→ Given material
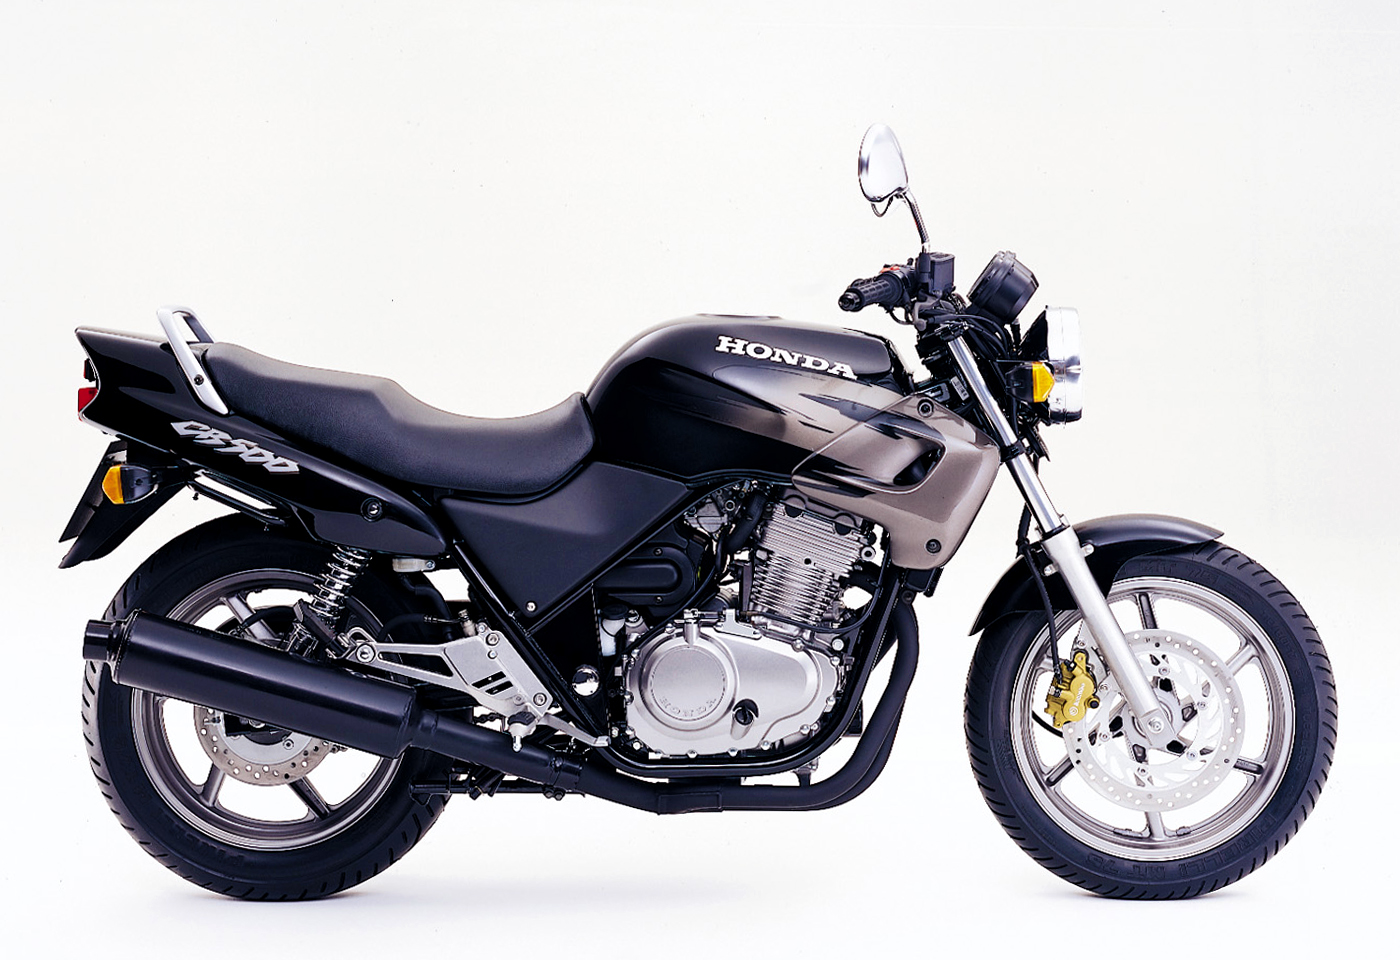 Honda Cb 500 La Meilleure Chose à Acheter Avec 1000 Euros
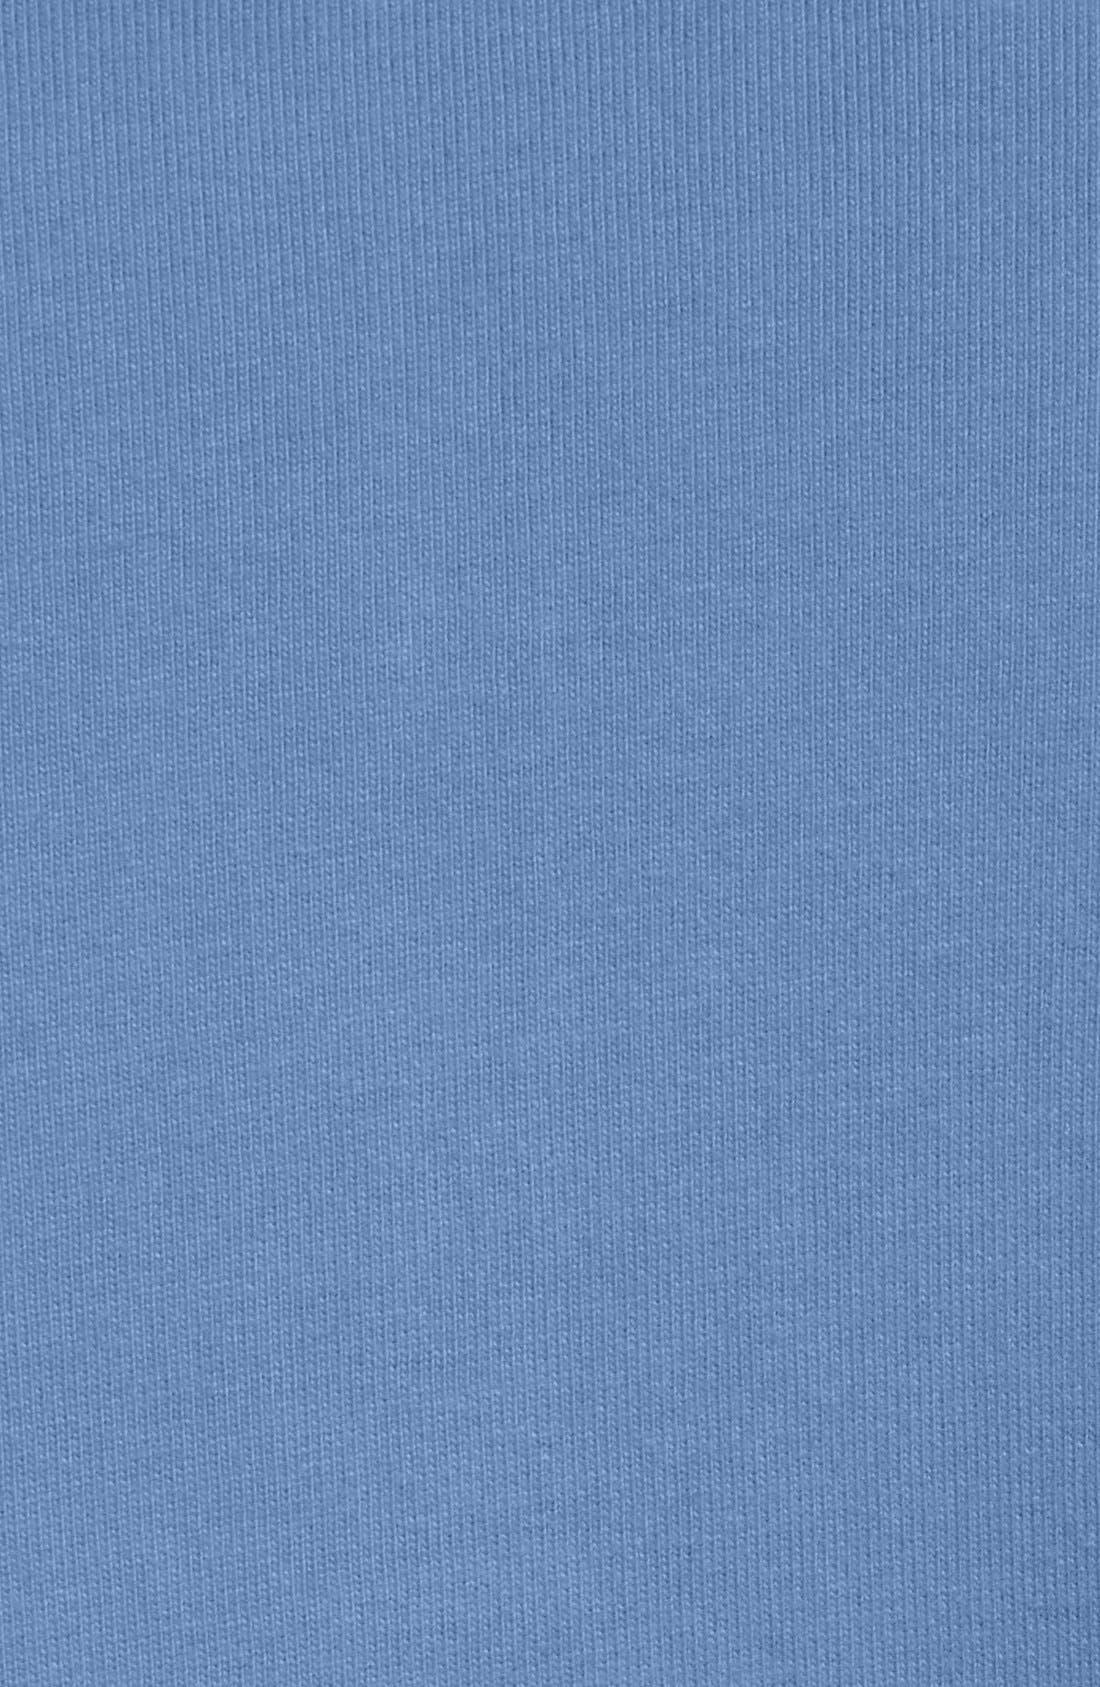 Alternate Image 3  - Nordstrom Quarter Zip Cotton Pullover
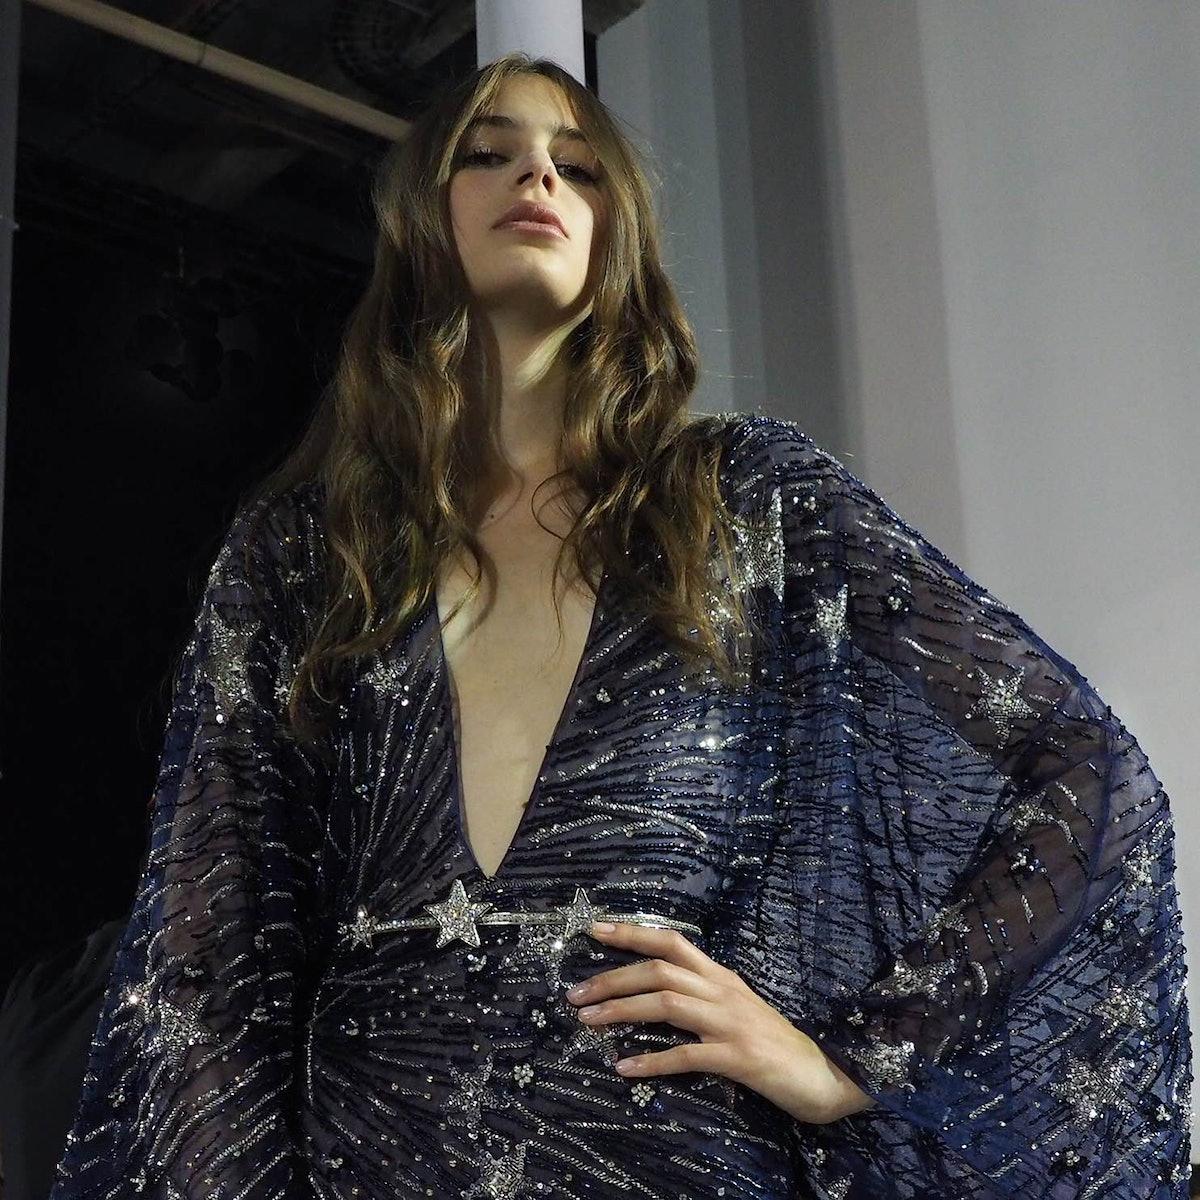 Zuhair Murad Fall 2015 Couture

→ What you have to do
Now write out the data word for word, skipping every picture in it.

→ Result for this exercise
 Honda Cb 500 La Meilleure Chose à Acheter Avec 1000 Euros
 Alternate Image 3  - Nordstrom Quarter Zip Cotton Pullover
 Zuhair Murad Fall 2015 Couture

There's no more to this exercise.